> [Exercise objective] Both the line with "Renault: Θέλει να" and the line with "football, 2. Bundesliga, 2017/2018, VfL" in the records below must appear in the output, along with every line between them, exactly and with nothing added.

> [Data excerpts]
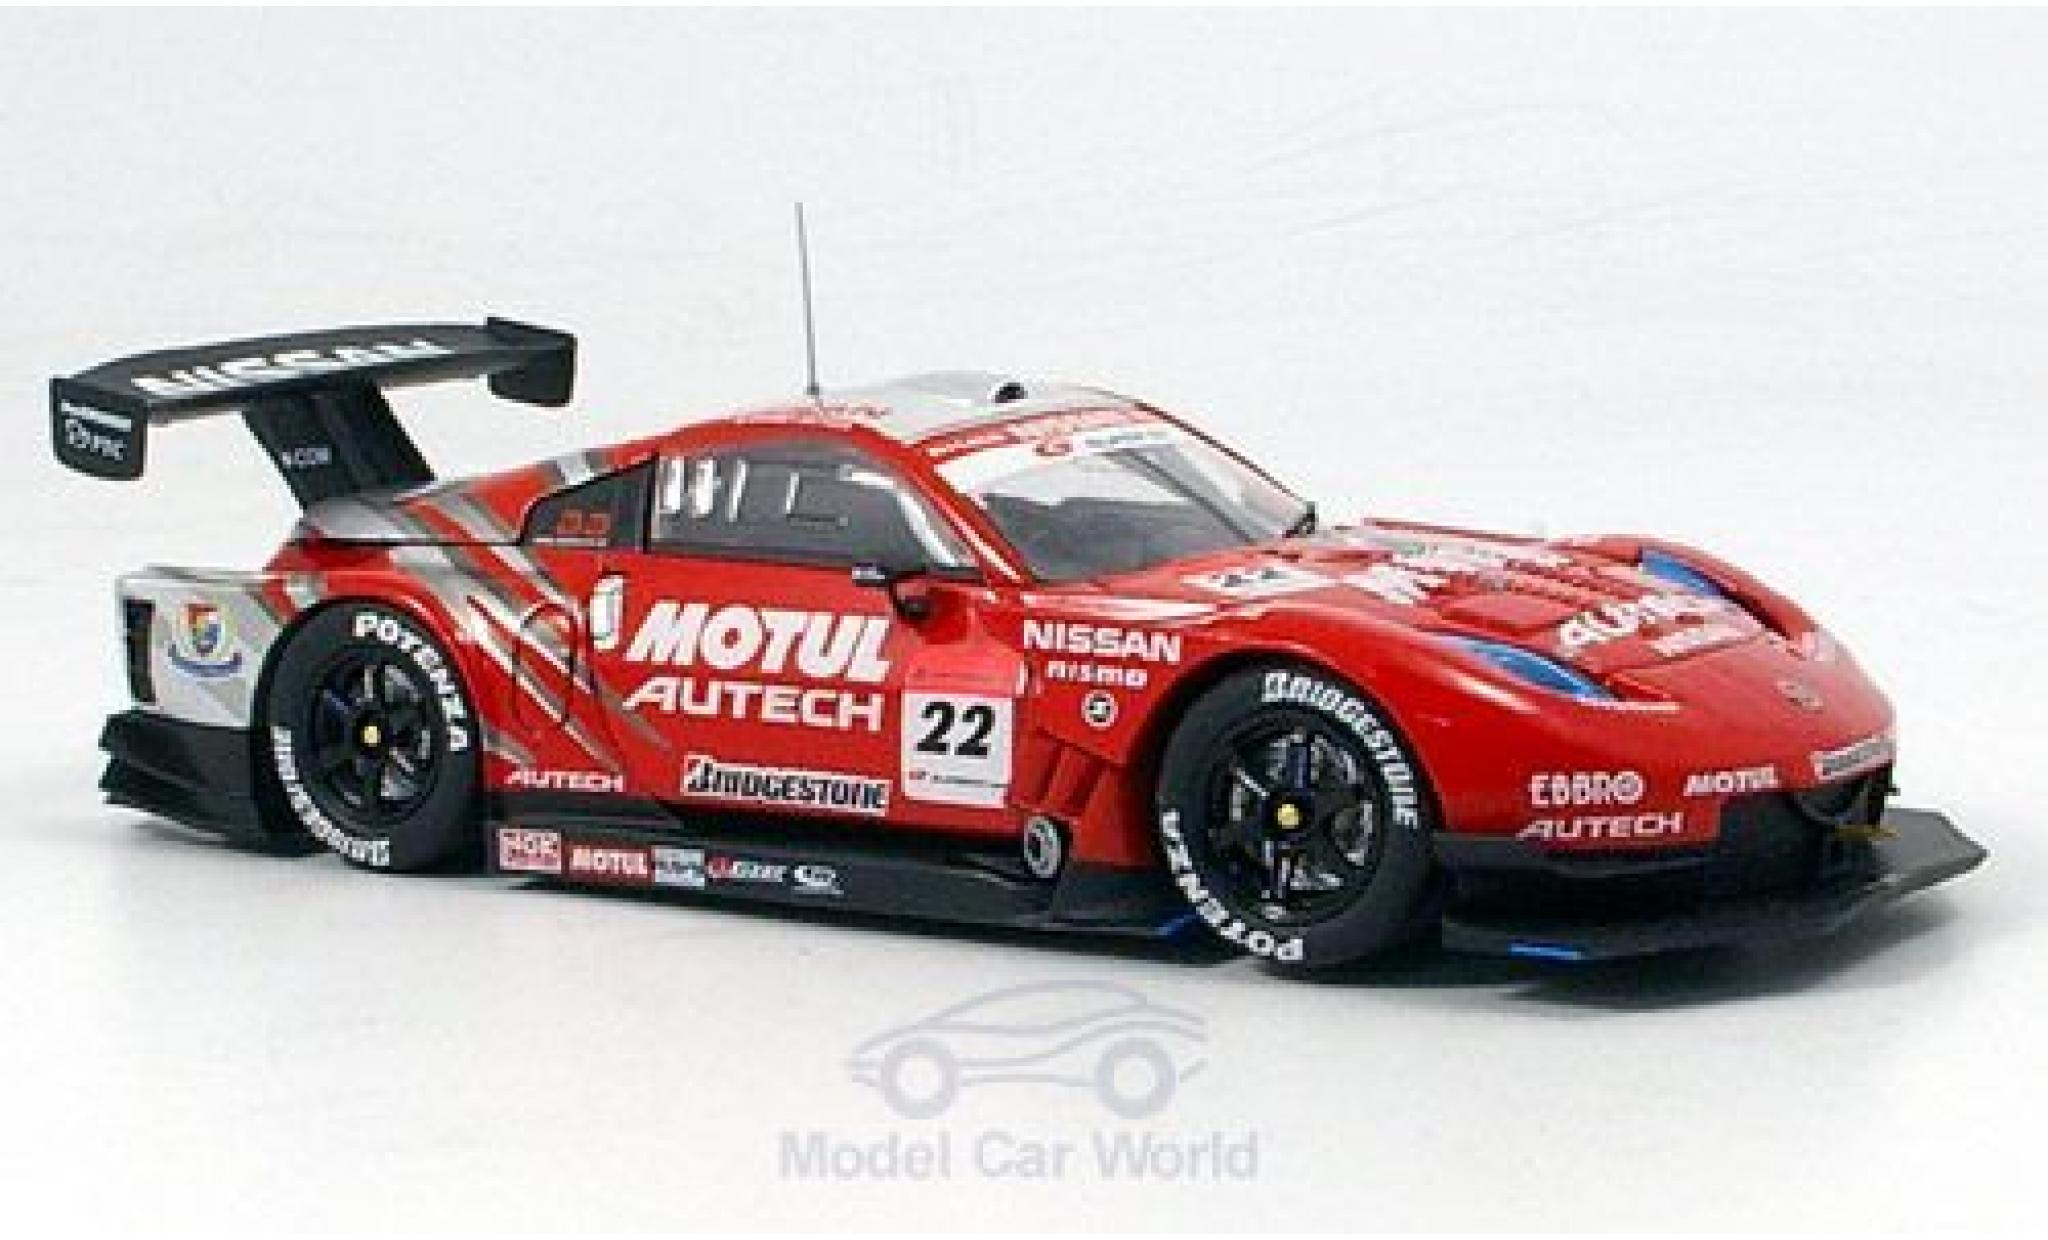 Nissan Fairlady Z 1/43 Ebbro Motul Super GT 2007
---
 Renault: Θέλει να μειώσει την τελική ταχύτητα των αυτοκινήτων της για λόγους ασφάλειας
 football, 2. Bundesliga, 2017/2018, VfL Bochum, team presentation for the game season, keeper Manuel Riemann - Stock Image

> [Output below]
 Renault: Θέλει να μειώσει την τελική ταχύτητα των αυτοκινήτων της για λόγους ασφάλειας
 football, 2. Bundesliga, 2017/2018, VfL Bochum, team presentation for the game season, keeper Manuel Riemann - Stock Image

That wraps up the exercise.